When: Sunday, April 19 | Time: 2:00–6:00 PM | Location: North Hall

If you're a radio professional in markets 51 and beyond, this is your Super Bowl Sunday. NAB's Small and Medium Market Radio Forum runs four hours and opens with the most relevant AI discussion happening anywhere in the industry right now.

Opening AI Panel: Programming, Workflows, and Revenue

Moderator: Julie Koehn Panelists:

  • Sun Sachs, SVP of Digital Products, Townsquare Media
  • David Oxenford, Partner, Wilkinson Barker Knauer LLP

This panel is structured around three questions every station should be wrestling with: How is AI changing daily programming workflows? What's the revenue opportunity? And what are the legal and compliance guardrails?

The Townsquare + attorney pairing is deliberate. Sun Sachs brings operational reality — Townsquare runs 300+ radio stations and has been integrating AI into their content workflows at meaningful scale. David Oxenford brings the legal framework, which matters more in 2026 than it did in 2024. Questions about AI-generated content, voice likeness, attribution, and FCC compliance aren't theoretical anymore. Stations need answers.

What to bring to this session: Come with specific operational questions, not conceptual ones. "How are you using AI for morning show prep at your stations?" will get you a better answer than "What do you think about AI?" Ask Oxenford specifically about voice cloning consent frameworks — this is the area where legal clarity is most needed and least available.

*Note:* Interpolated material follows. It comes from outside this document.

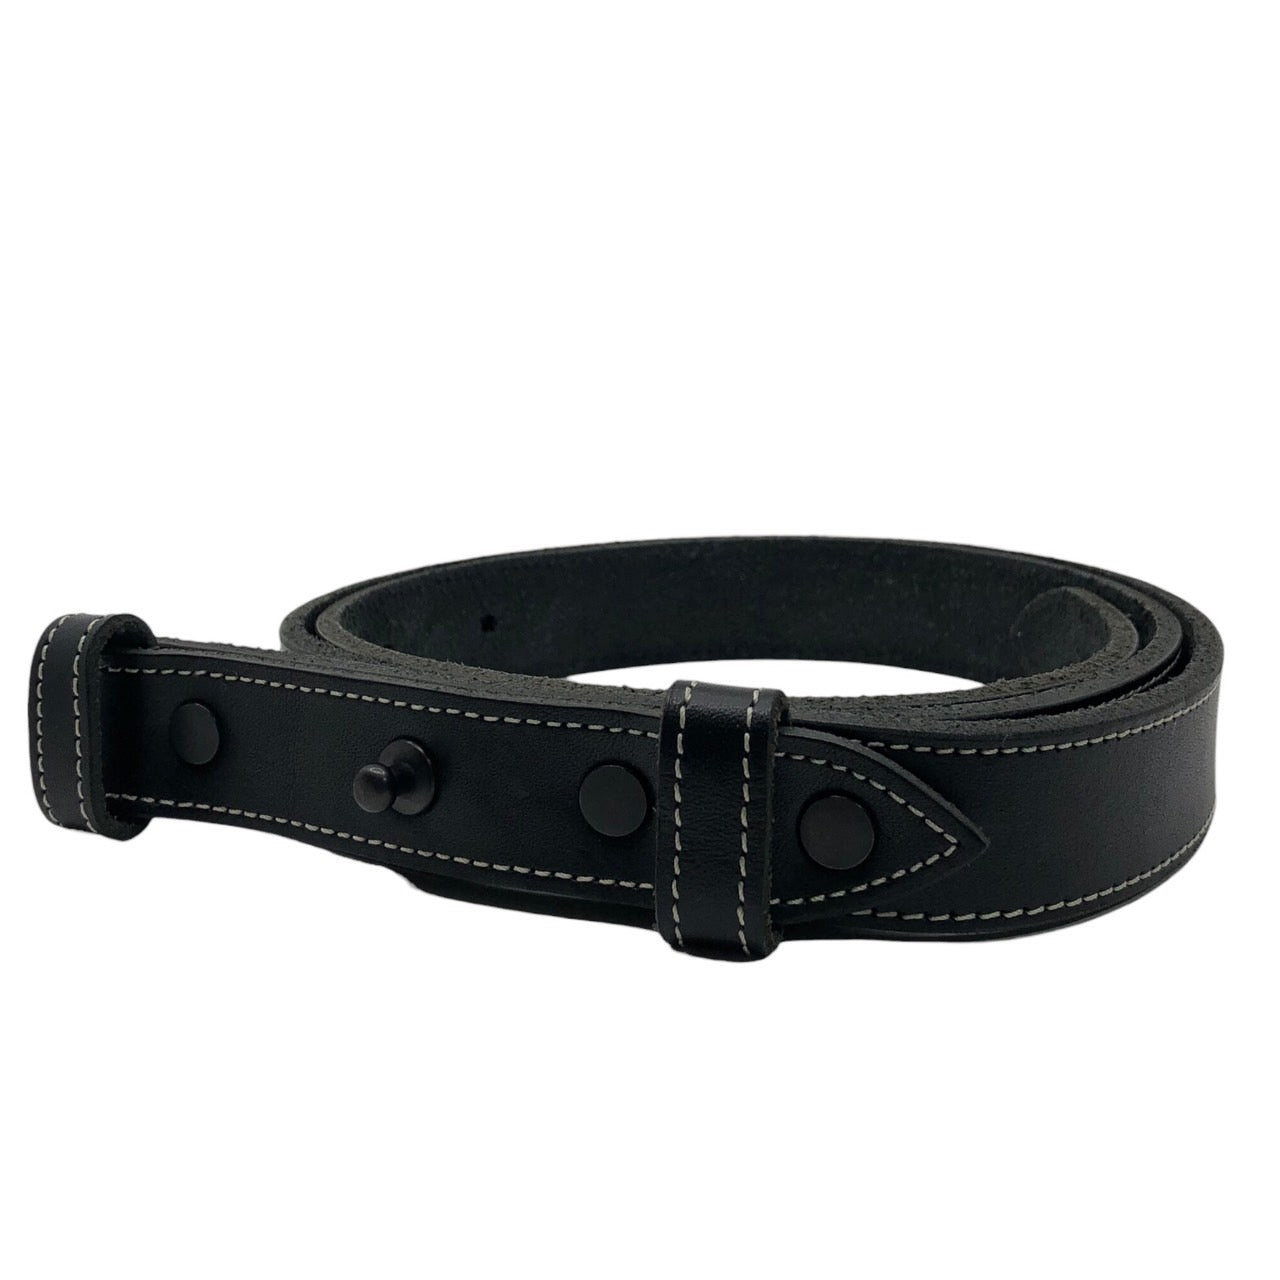 SUNSEA(サンシー) buckleless leather belt バックルレス レザー ベルト ブラック 34
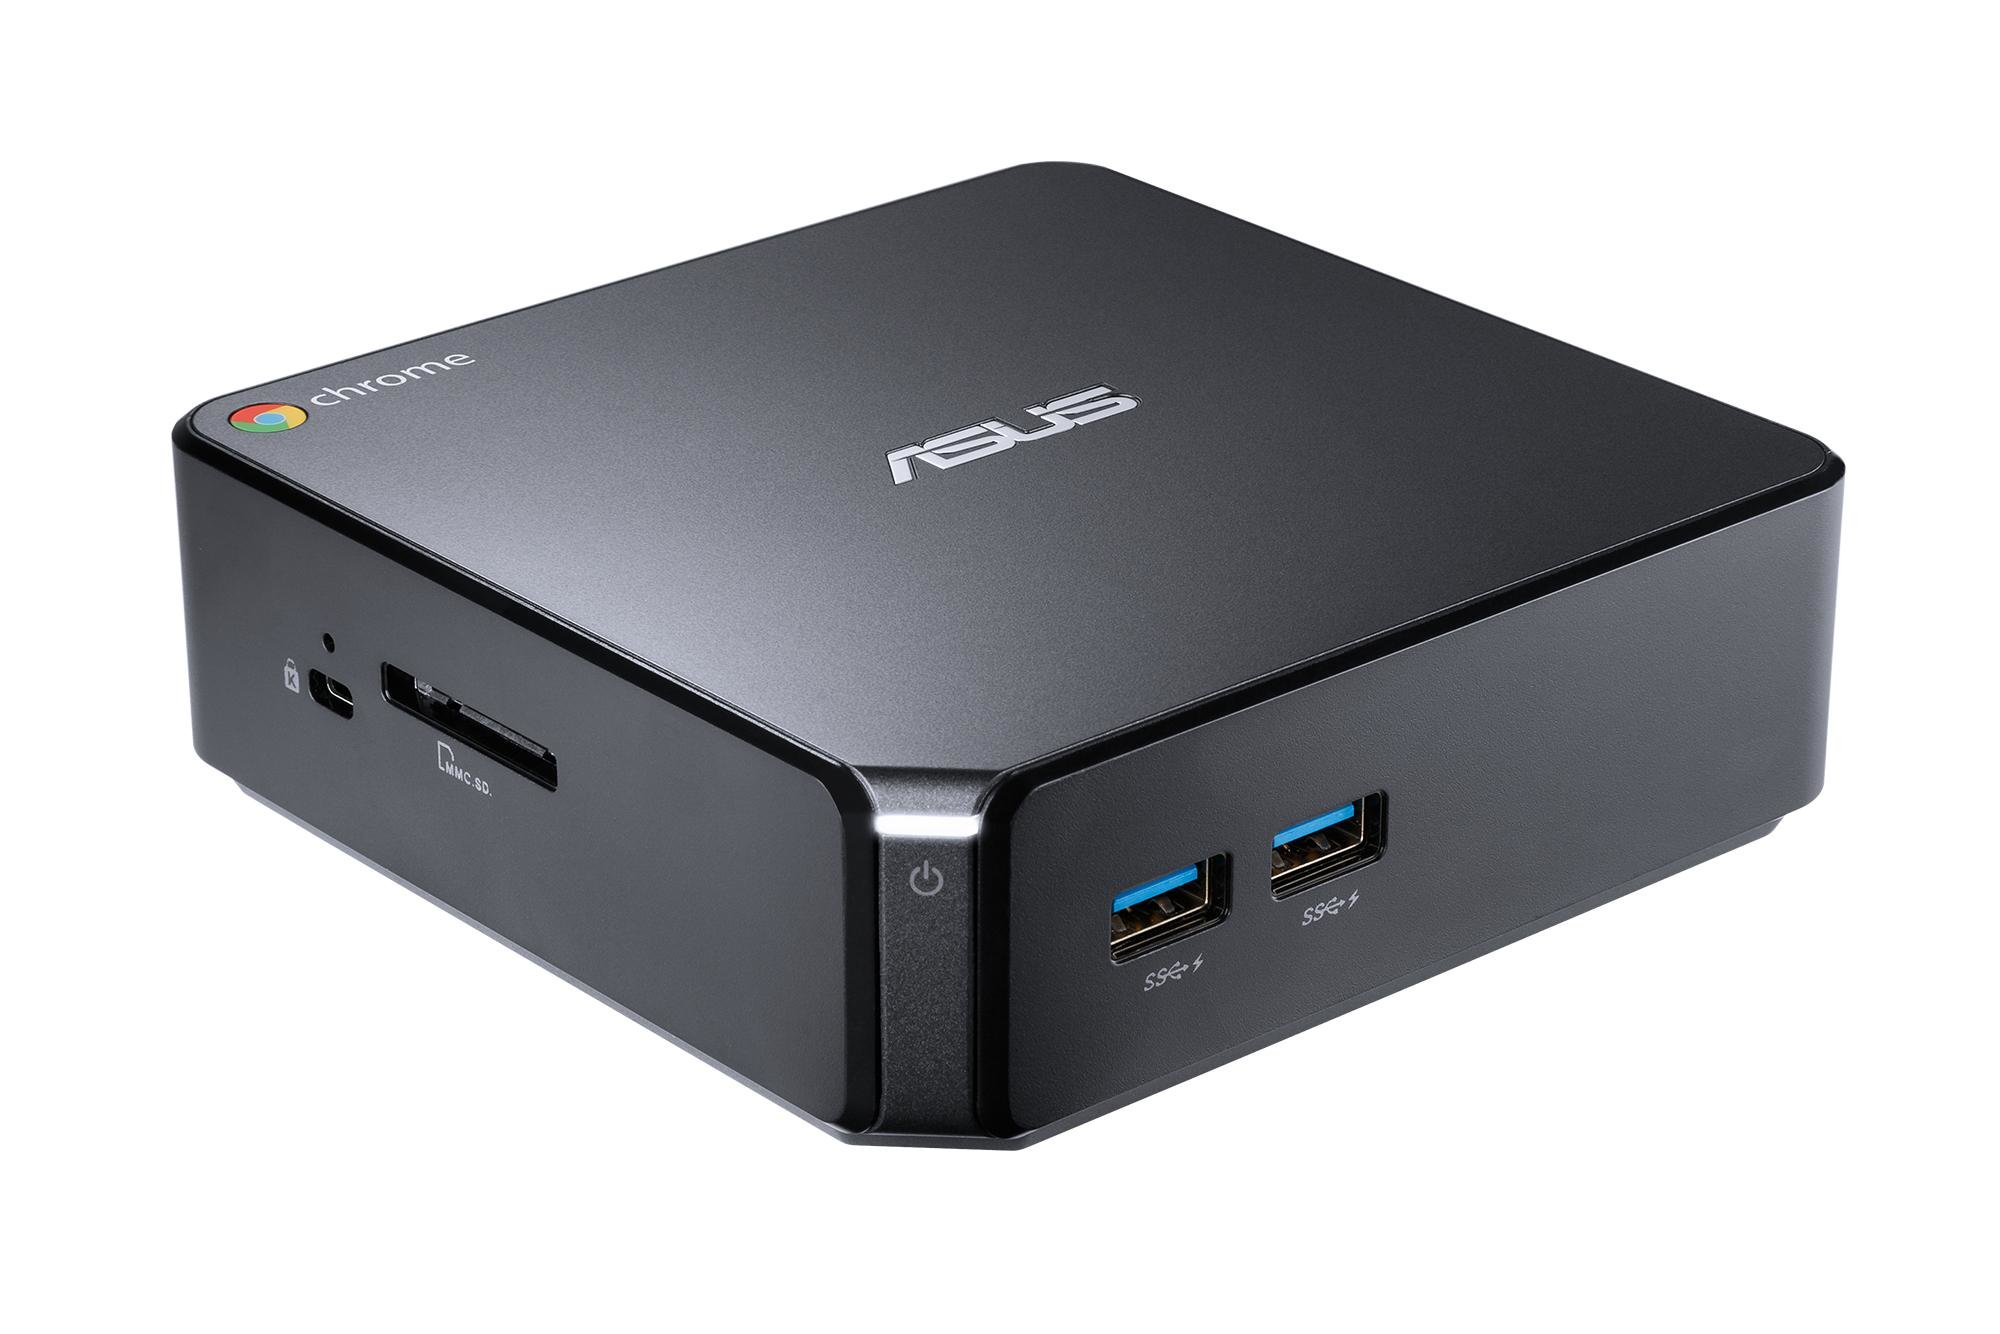 ASUS Chromebox 3 N7043U Mini PC Intel Core i7-8550U Quad-Core CPU 4GB RAM 32GB M.2 SSD Intel HD Graphics 622

After the panel: Peer roundtables on programming development, digital sales, audience growth, and operational strategy. This is where NAB gets genuinely valuable. A roundtable conversation with 12 program directors facing the same problems you are produces insights you can't get from a panel. Go in with one specific problem you want to solve — it makes the conversation more useful for everyone.

Discount code: Qualifying radio professionals in markets 51+ can use code SMMRF26 for $200 off the Premium Conference Pass.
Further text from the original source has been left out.